*** Opening of MATERIAL FOR THIS TASK ***

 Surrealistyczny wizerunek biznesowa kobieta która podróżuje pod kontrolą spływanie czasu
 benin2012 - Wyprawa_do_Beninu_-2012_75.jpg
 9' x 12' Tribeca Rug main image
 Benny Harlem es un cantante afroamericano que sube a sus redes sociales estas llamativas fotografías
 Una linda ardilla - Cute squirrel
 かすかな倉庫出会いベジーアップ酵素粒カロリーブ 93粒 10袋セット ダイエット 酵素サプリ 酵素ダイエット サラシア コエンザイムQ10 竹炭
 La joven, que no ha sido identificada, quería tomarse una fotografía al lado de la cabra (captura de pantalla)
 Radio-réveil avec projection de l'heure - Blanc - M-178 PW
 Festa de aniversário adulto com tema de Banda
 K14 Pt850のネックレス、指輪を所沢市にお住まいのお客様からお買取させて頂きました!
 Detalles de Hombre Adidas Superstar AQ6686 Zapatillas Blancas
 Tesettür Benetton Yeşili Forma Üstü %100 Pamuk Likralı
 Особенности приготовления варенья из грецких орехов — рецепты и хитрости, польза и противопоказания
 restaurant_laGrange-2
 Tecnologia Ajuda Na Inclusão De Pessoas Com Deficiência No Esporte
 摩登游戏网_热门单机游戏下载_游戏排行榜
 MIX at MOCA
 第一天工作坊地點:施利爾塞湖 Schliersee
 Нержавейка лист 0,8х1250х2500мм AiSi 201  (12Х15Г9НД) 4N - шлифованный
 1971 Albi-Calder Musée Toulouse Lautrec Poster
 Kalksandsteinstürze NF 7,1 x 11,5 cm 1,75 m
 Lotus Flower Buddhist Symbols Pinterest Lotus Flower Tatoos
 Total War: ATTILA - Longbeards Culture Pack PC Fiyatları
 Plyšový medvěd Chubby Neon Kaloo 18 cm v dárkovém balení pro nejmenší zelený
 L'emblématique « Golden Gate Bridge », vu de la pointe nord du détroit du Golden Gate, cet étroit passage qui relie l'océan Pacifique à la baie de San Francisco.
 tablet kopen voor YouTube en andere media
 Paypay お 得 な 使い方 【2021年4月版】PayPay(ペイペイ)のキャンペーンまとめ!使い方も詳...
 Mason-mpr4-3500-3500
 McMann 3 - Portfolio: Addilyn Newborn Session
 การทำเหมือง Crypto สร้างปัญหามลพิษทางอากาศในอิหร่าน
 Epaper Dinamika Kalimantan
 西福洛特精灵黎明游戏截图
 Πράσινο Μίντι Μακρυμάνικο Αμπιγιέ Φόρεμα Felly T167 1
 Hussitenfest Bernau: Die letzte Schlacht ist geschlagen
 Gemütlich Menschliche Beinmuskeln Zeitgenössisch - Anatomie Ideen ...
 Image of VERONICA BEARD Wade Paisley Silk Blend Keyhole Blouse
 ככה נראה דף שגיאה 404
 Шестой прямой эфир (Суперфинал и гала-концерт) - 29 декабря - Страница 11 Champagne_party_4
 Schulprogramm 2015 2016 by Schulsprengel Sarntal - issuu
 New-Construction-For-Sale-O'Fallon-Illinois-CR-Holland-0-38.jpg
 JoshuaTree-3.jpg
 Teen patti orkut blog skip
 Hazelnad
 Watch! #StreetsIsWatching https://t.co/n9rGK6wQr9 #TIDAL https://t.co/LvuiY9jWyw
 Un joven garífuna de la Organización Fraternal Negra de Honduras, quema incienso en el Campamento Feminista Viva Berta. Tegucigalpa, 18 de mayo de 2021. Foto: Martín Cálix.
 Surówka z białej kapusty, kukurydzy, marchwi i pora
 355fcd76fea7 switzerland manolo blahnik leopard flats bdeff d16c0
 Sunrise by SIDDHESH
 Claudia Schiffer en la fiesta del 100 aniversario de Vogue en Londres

*** Close of MATERIAL FOR THIS TASK ***

* [TASK DETAILS]:
Please, from the entries above, set down exactly the lines from the one containing "第一天工作坊地點:施利爾塞湖 Schliersee" through the one containing "McMann 3 - Portfolio: Addilyn", and only those.

* [FINISHED TASK]:
 第一天工作坊地點:施利爾塞湖 Schliersee
 Нержавейка лист 0,8х1250х2500мм AiSi 201  (12Х15Г9НД) 4N - шлифованный
 1971 Albi-Calder Musée Toulouse Lautrec Poster
 Kalksandsteinstürze NF 7,1 x 11,5 cm 1,75 m
 Lotus Flower Buddhist Symbols Pinterest Lotus Flower Tatoos
 Total War: ATTILA - Longbeards Culture Pack PC Fiyatları
 Plyšový medvěd Chubby Neon Kaloo 18 cm v dárkovém balení pro nejmenší zelený
 L'emblématique « Golden Gate Bridge », vu de la pointe nord du détroit du Golden Gate, cet étroit passage qui relie l'océan Pacifique à la baie de San Francisco.
 tablet kopen voor YouTube en andere media
 Paypay お 得 な 使い方 【2021年4月版】PayPay(ペイペイ)のキャンペーンまとめ!使い方も詳...
 Mason-mpr4-3500-3500
 McMann 3 - Portfolio: Addilyn Newborn Session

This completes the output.